December 6, 2006 9:37:19 PM

Look at the 3D studio max 8 and cinebench 9.5 benchmarks you moron.
December 6, 2006 9:39:53 PM

Quote:

A few threads??? yahoo messenger has around 30 threads, the winlogon process can have 10, 20 or more ... FireFox with 5 open pages has 17 ... I'm quite sure any one of the multi threaded benchmarks spawns (can spawn) more than 8 threads. The system process in windows can have hundreds of threads ... A typical instance of SQL Server running on my dev. machine has close to 300 threads ...

Yes, but nearly all those threads aren't doing any work. They just sleep and occasionally wake up. It's rare that have you applications capable of splitting data to 8 threads and even a little bit of serial code means that scaling will suffer at 8 cores. Cinebench runs 1.8X faster with a second core, but by 8 cores is less than 5X faster.

Quote:

As a software developer that works with databases every day I sure would like to see some test on database performance.

As far as I know the best threaded software and most scalable is encoding software so I'm expecting to see even worse performance for database tests ... also databases don't even require that much number crunching power they just need fast memory and disk access to scale well.

Enterprise databases like SQL Server are very scalable and should respond well to extra cores (assuming you have enough memory and a fast enough storage system). An HP ML370 scores 42% higher in TPC-C just by replacing the 3GHz Woodcrests with 2.67GHz Clovertowns.
December 6, 2006 10:07:34 PM

Quote:
Look at the 3D studio max 8 and cinebench 9.5 benchmarks you moron.

Was it necessary to call him a moron?
This thread had been pretty civil and peaceful... until now. :roll:
December 6, 2006 10:10:25 PM

Yes, this thread is stupid and trollish and he has a history.
December 6, 2006 10:15:20 PM

Quote:
Look at the 3D studio max 8 and cinebench 9.5 benchmarks you moron.

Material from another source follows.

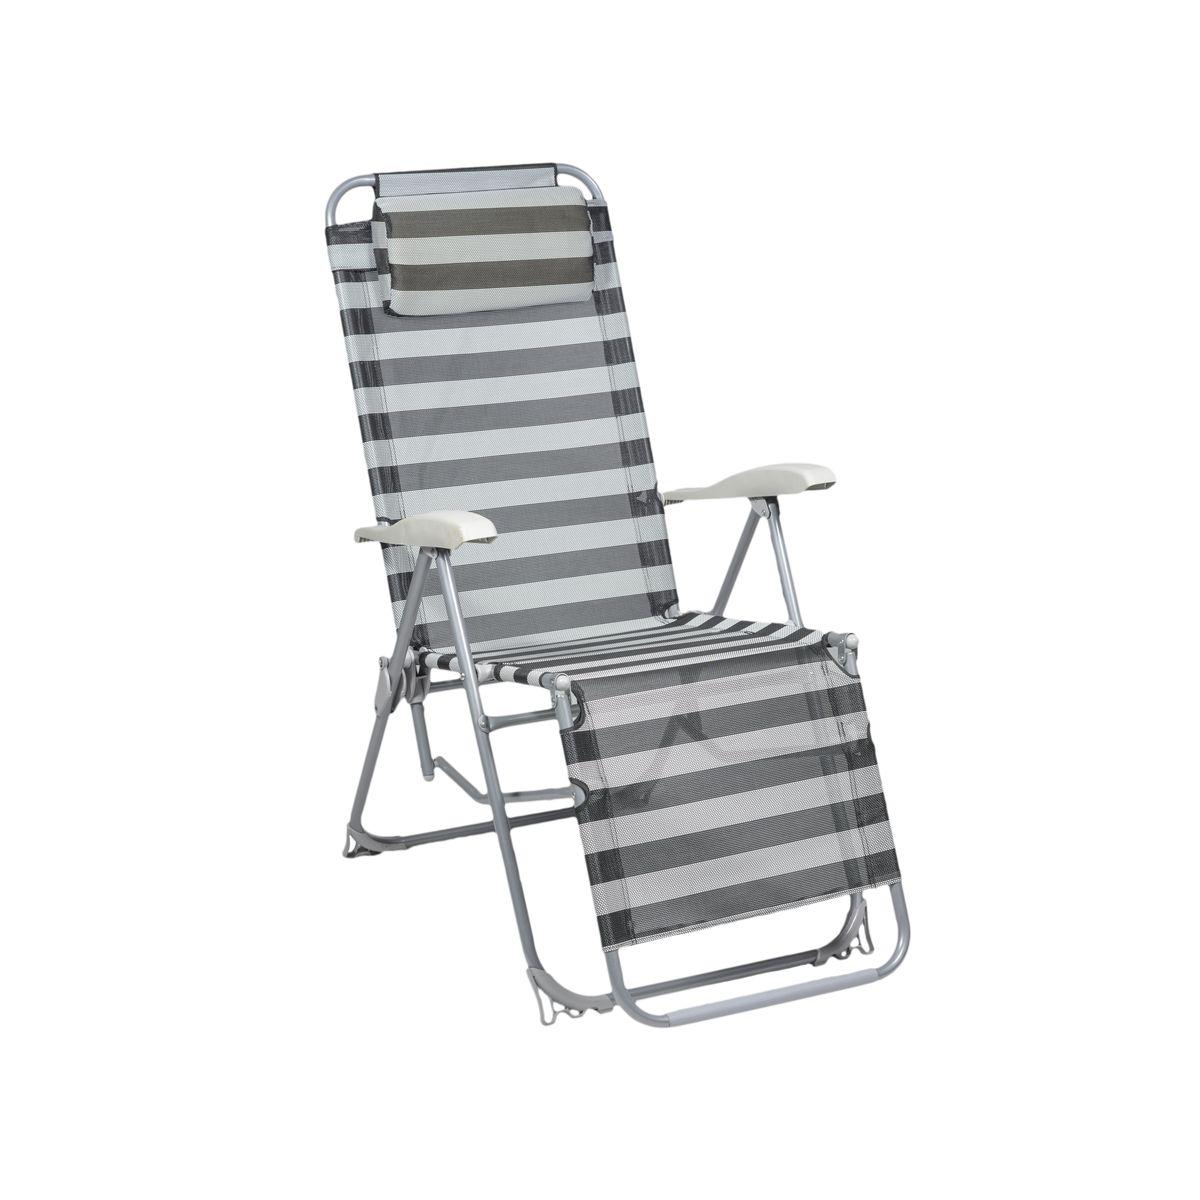 Кресло складное Green Glade, 84 х 64 х 110 см3220Складное кресло Green Glade предназначено для создания комфортных условий в туристических походах, рыбалке и кемпинге.Особенности:Компактная складная конструкция.Прочный стальной каркас 22 мм.Ткань Textilene обеспечивает отличную вентиляцию.Пластиковые подлокотники.

Was it necessary to call him a moron?
This thread had been pretty civil and peaceful... until now. :roll:He did start off by saying that AMD's 4x4 platform has increased performance, while refusing to acknowledge Intel's Core 2 platform.

For the record to "Cryogenic", the Intel Core 2 Extreme QX6700 performs better than the FX74 pair while also consuming a much smaller amount of energy.
December 6, 2006 10:51:34 PM

So if i say something wrong about C2D, it's not like i'm personally insulting you, is it? :?

Quote:
For the record to "Cryogenic", the Intel Core 2 Extreme QX6700 performs better than the FX74 pair while also consuming a much smaller amount of energy.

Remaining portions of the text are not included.